Task requirements:
Copy each line below word for word and drop every image.
[Opening Dataset content section]
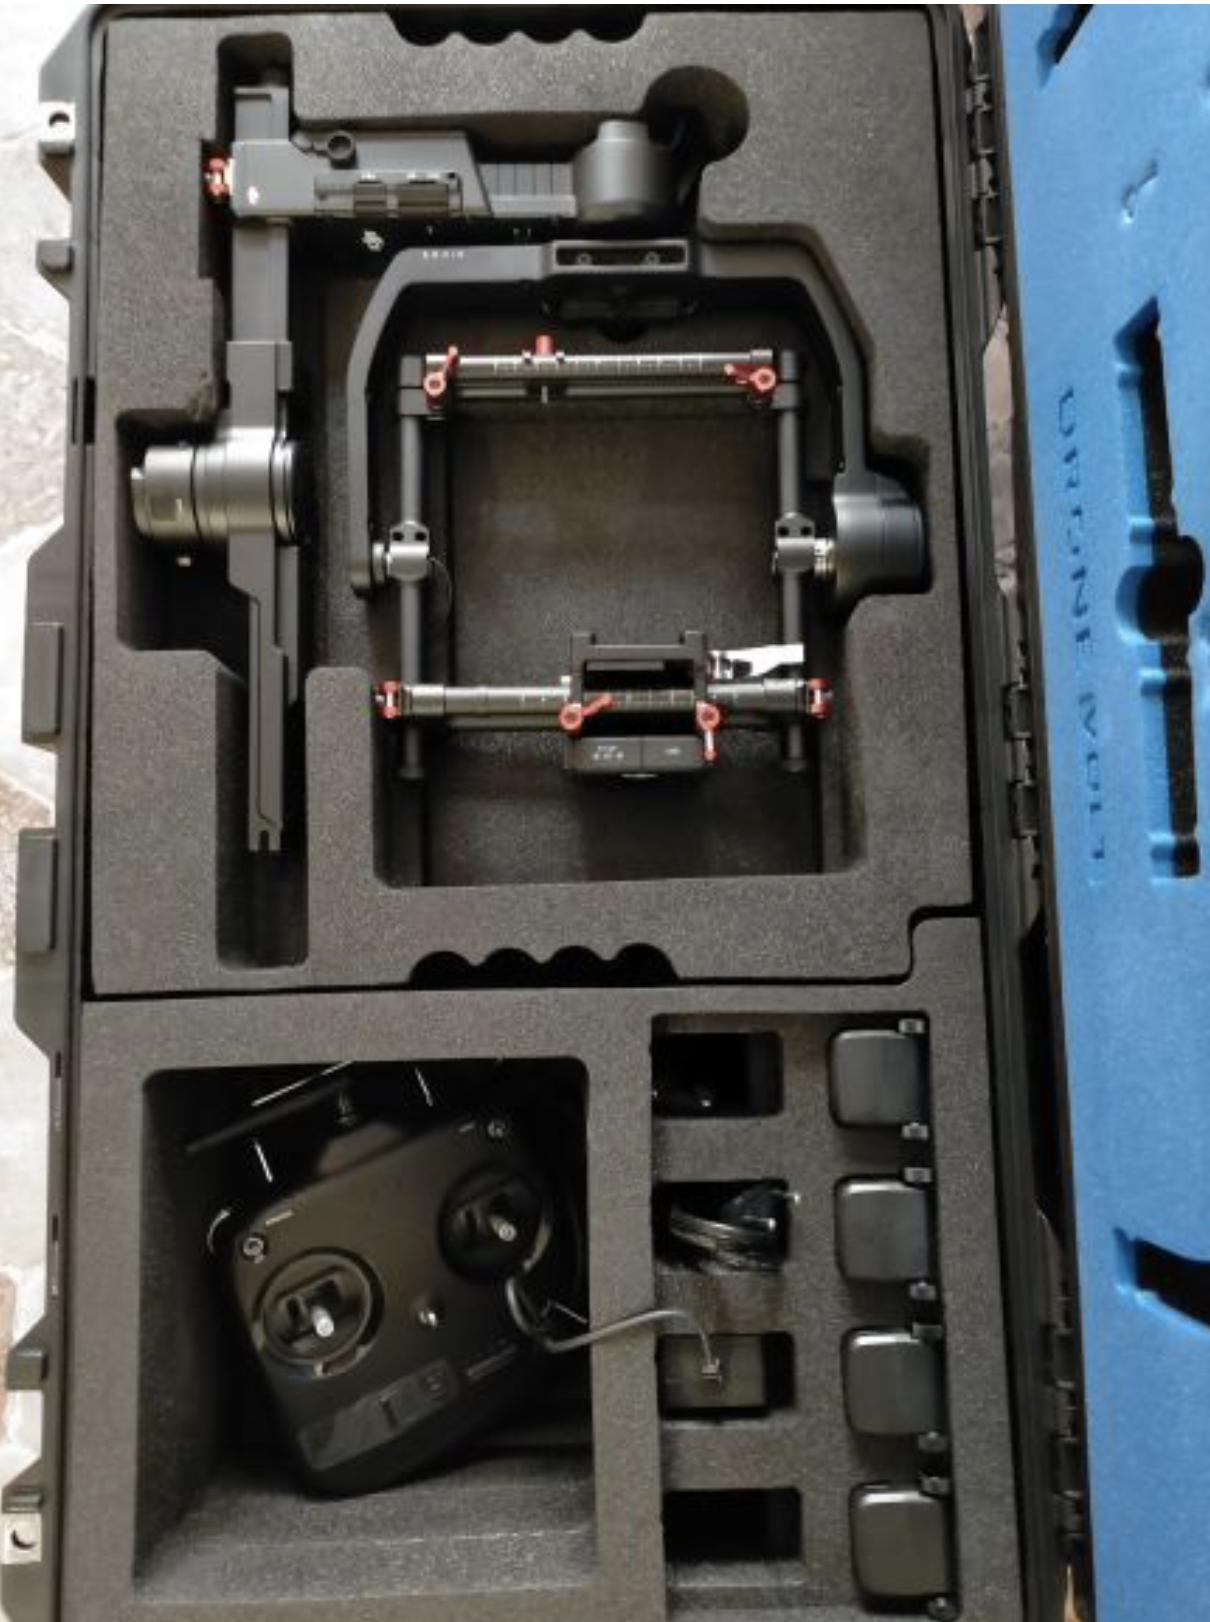 NEUF: Drone dji m600 pro + stabilisateur image ronin + flying case + batteries en supplement
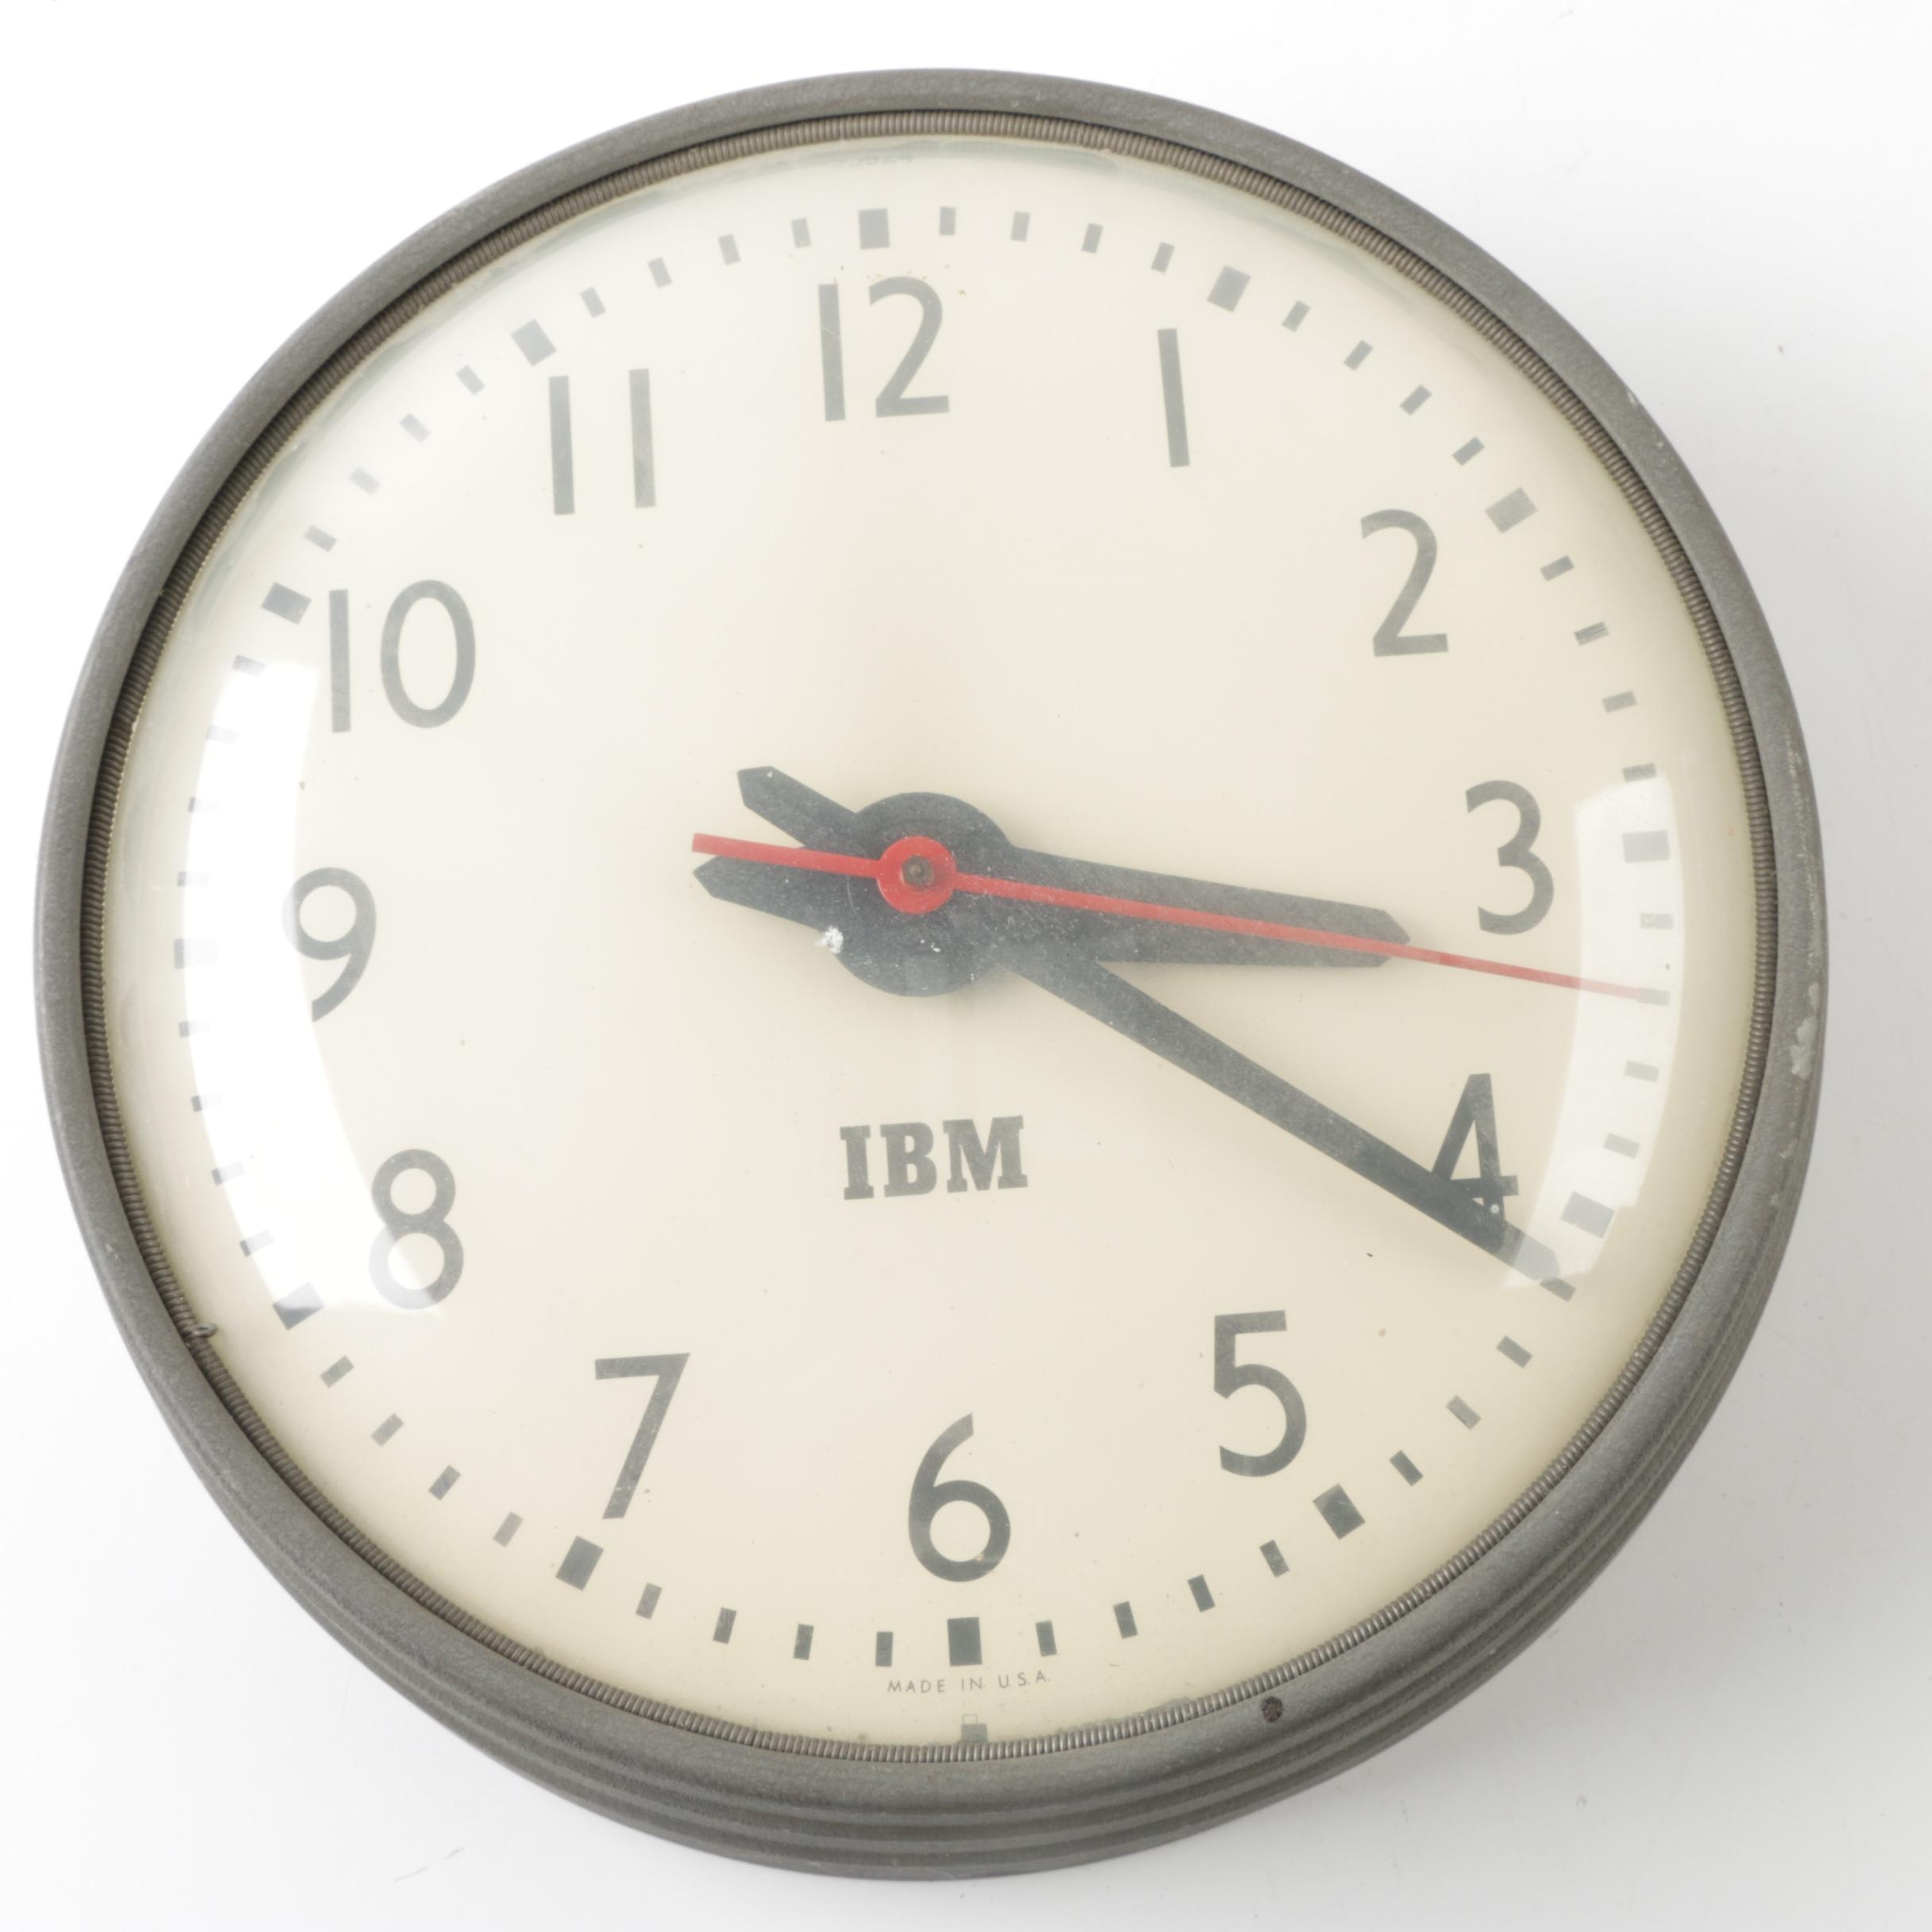 Vintage IBM Wall Clock
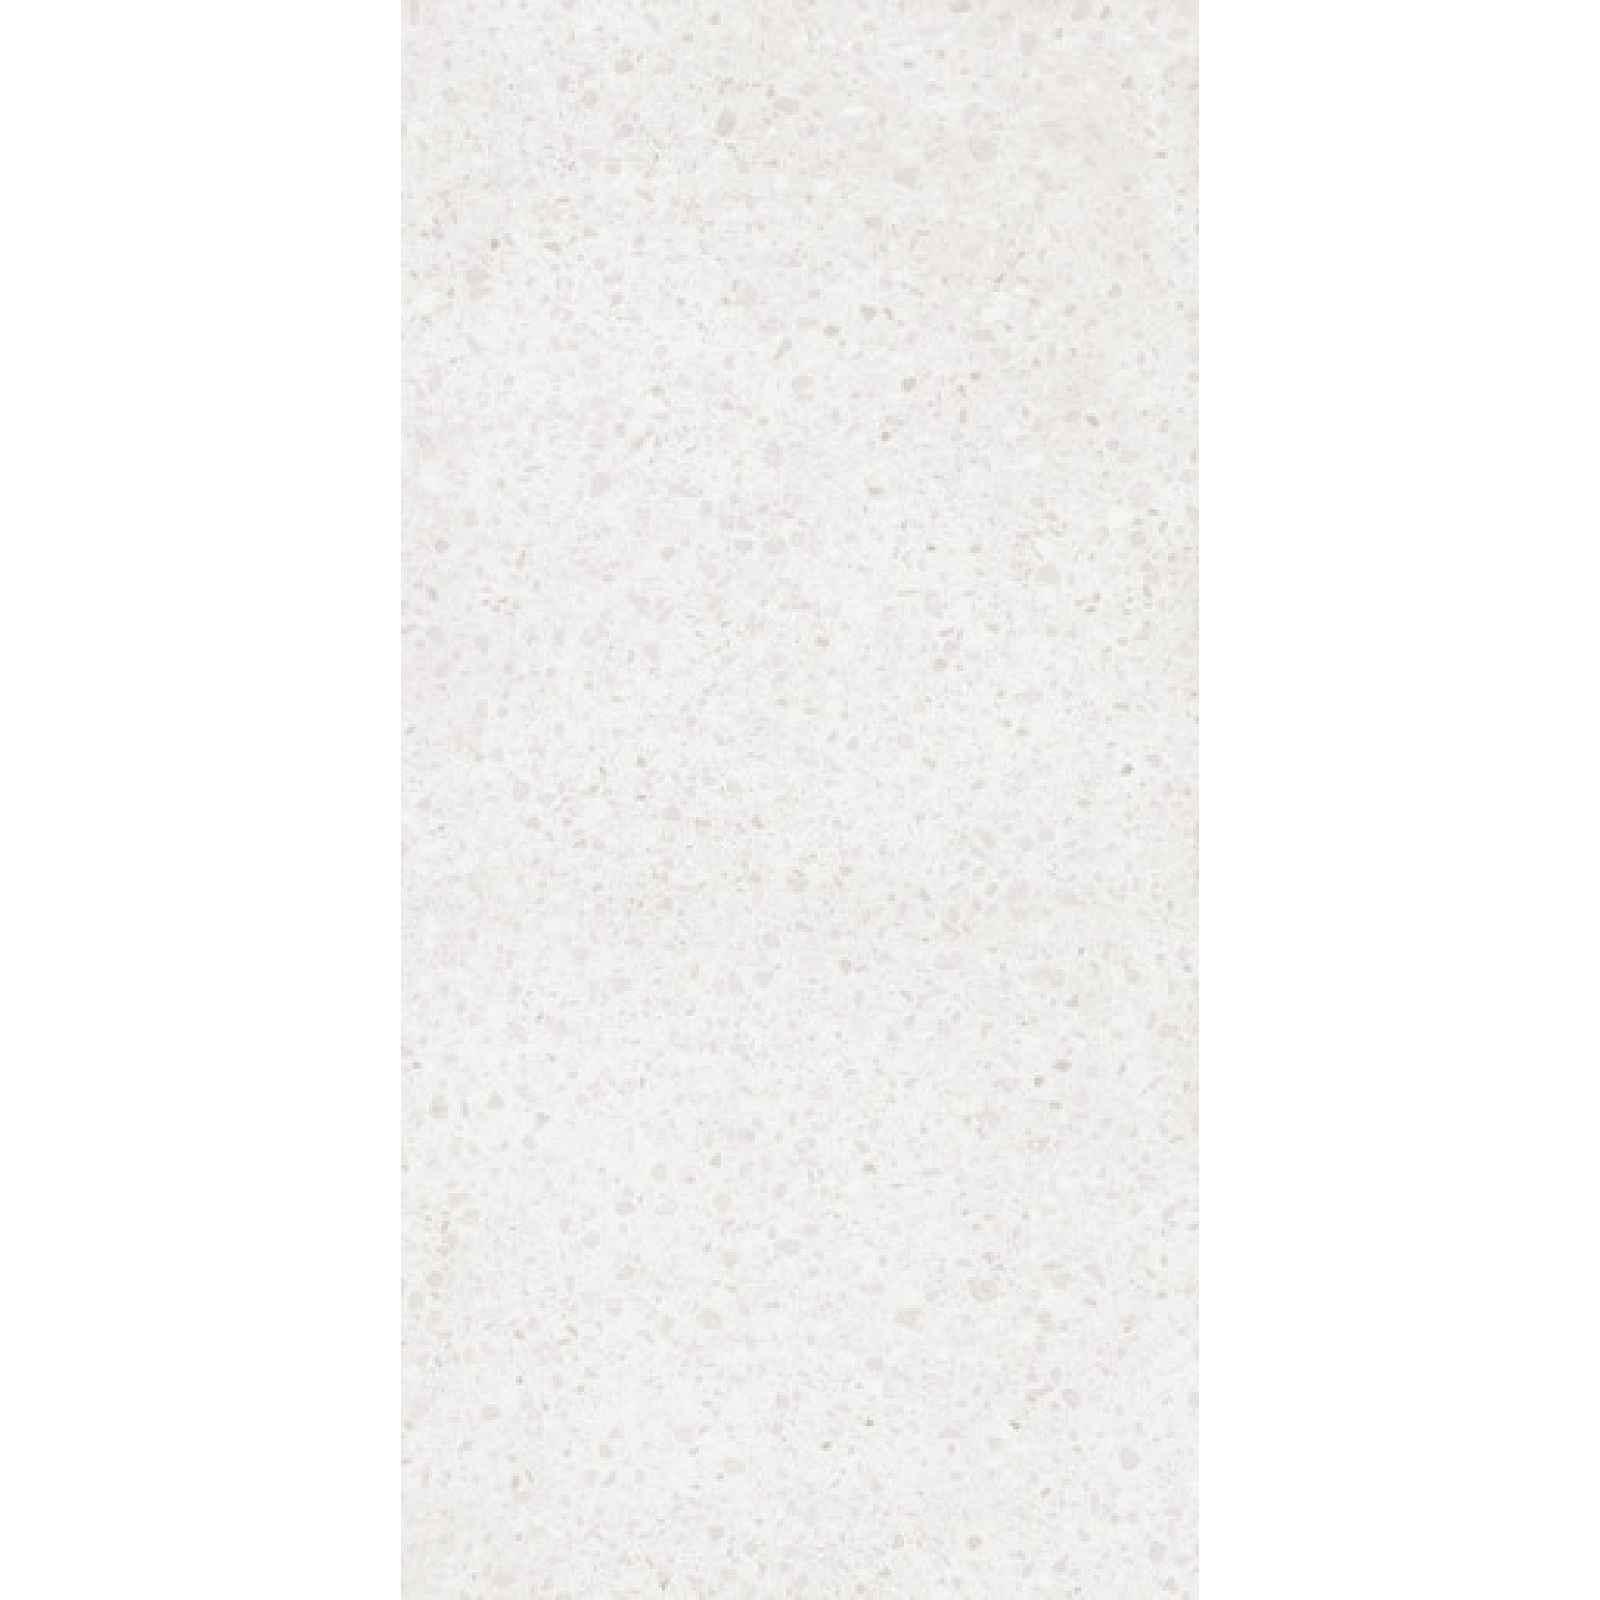 Dlažba RAKO Porfido bílá 60x120 cm mat / lesk DASV1810.1
[Closing Dataset content section]
Solution for this exercise:
 NEUF: Drone dji m600 pro + stabilisateur image ronin + flying case + batteries en supplement
 Vintage IBM Wall Clock
 Dlažba RAKO Porfido bílá 60x120 cm mat / lesk DASV1810.1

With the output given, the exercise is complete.